Last week at the SF Voice AI Meetup, I moderated a panel about multi-modal model training, with Jagadeesh Balam who works on speech models at @NVIDIAAI, Fabian Seipel of @ai_coustics, and @code_brian from Tavus.

I always really enjoy the opportunity to hear from people working on models (small, large, text, audio, pixels, transformer-based, diffusion, etc)!

Some notes:

- Brian said "latency is solved," if you're thinking about latency as a mechanical problem. Humans take ~700ms to think about things before they respond in conversation. Current STT->LLM->TTS pipelines can beat that. What's missing is the higher-level architecture for "thinking": queuing what to talk about next, deciding what to say first and how, tracking emotional tone, etc.

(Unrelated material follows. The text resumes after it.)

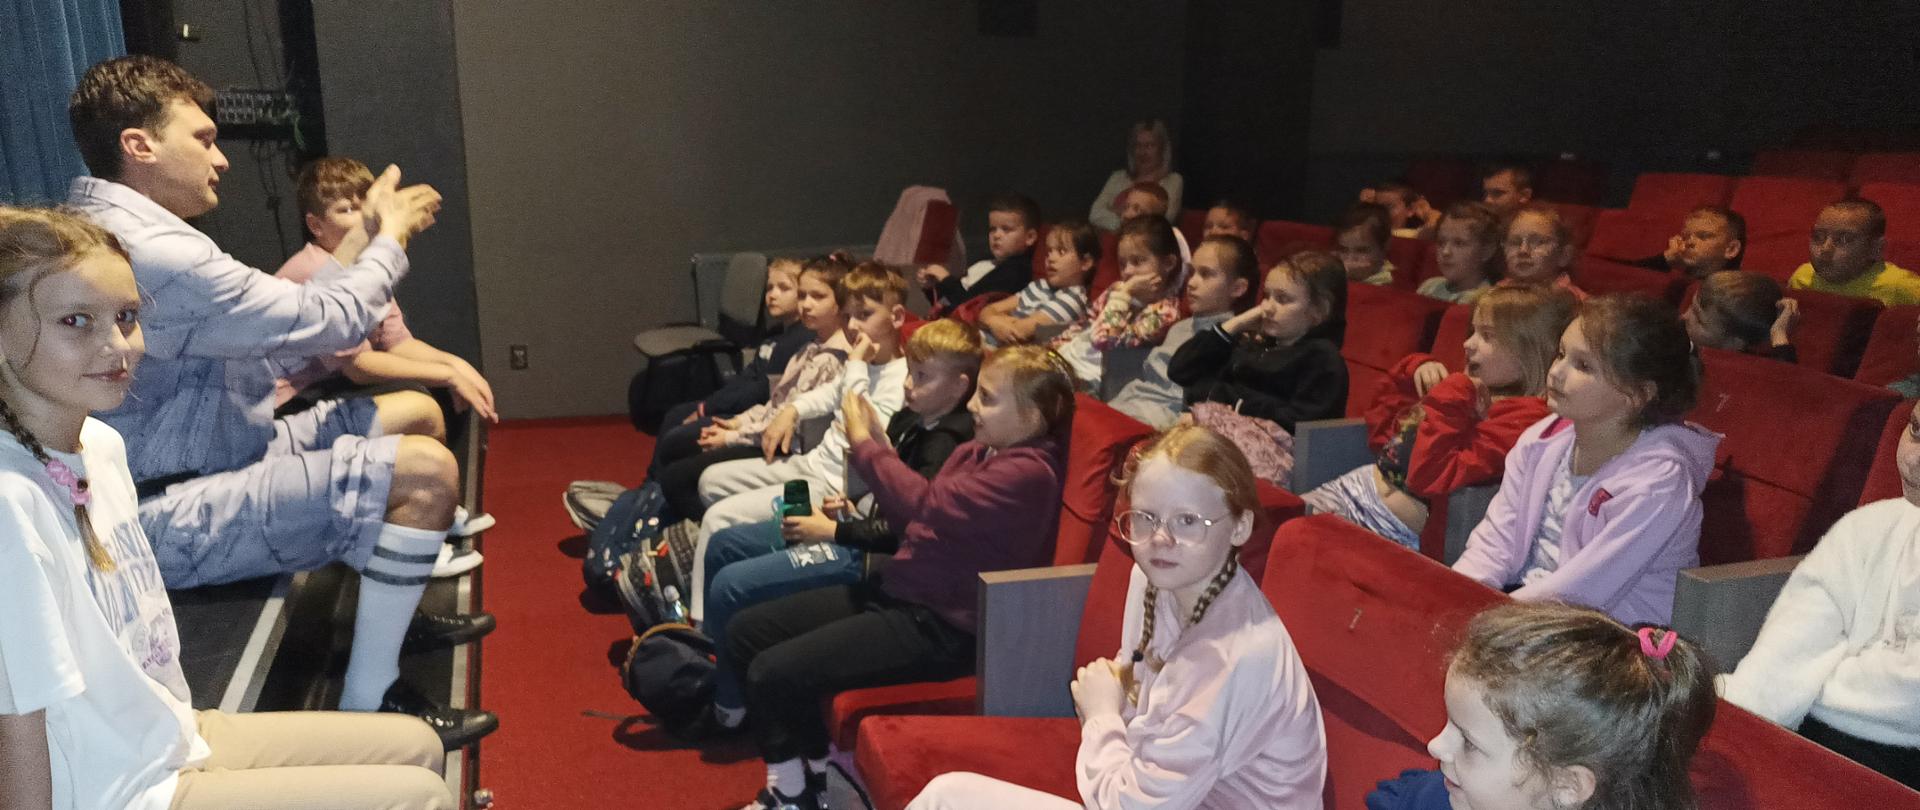 Dzieci siedzące na widowni na czerwonych fotelach. Przed nimi na końcu sceny siedzi mężczyzna unoszący prawą rękę przed siebie i dwie dziewczyny.

- Jagadesh said that as we do more and more interesting things with the models, the bar for performance goes up. Transcription was "solved" for non-realtime use cases, but now voice agents need fast and accurate transcription of very tricky strings like email addresses and mixed alphanumeric account numbers. And for speech-to-speech models, we have to clear the bar of performing well in long, multi-turn conversations. Part of the challenge here is generating very good training data. "Data simulation for training is unsolved. If it were solved, all our model roadmaps would be done by now!" I appreciate this viewpoint, because I don't think we talk enough about the challenge of having large amounts of *exactly* the right training data.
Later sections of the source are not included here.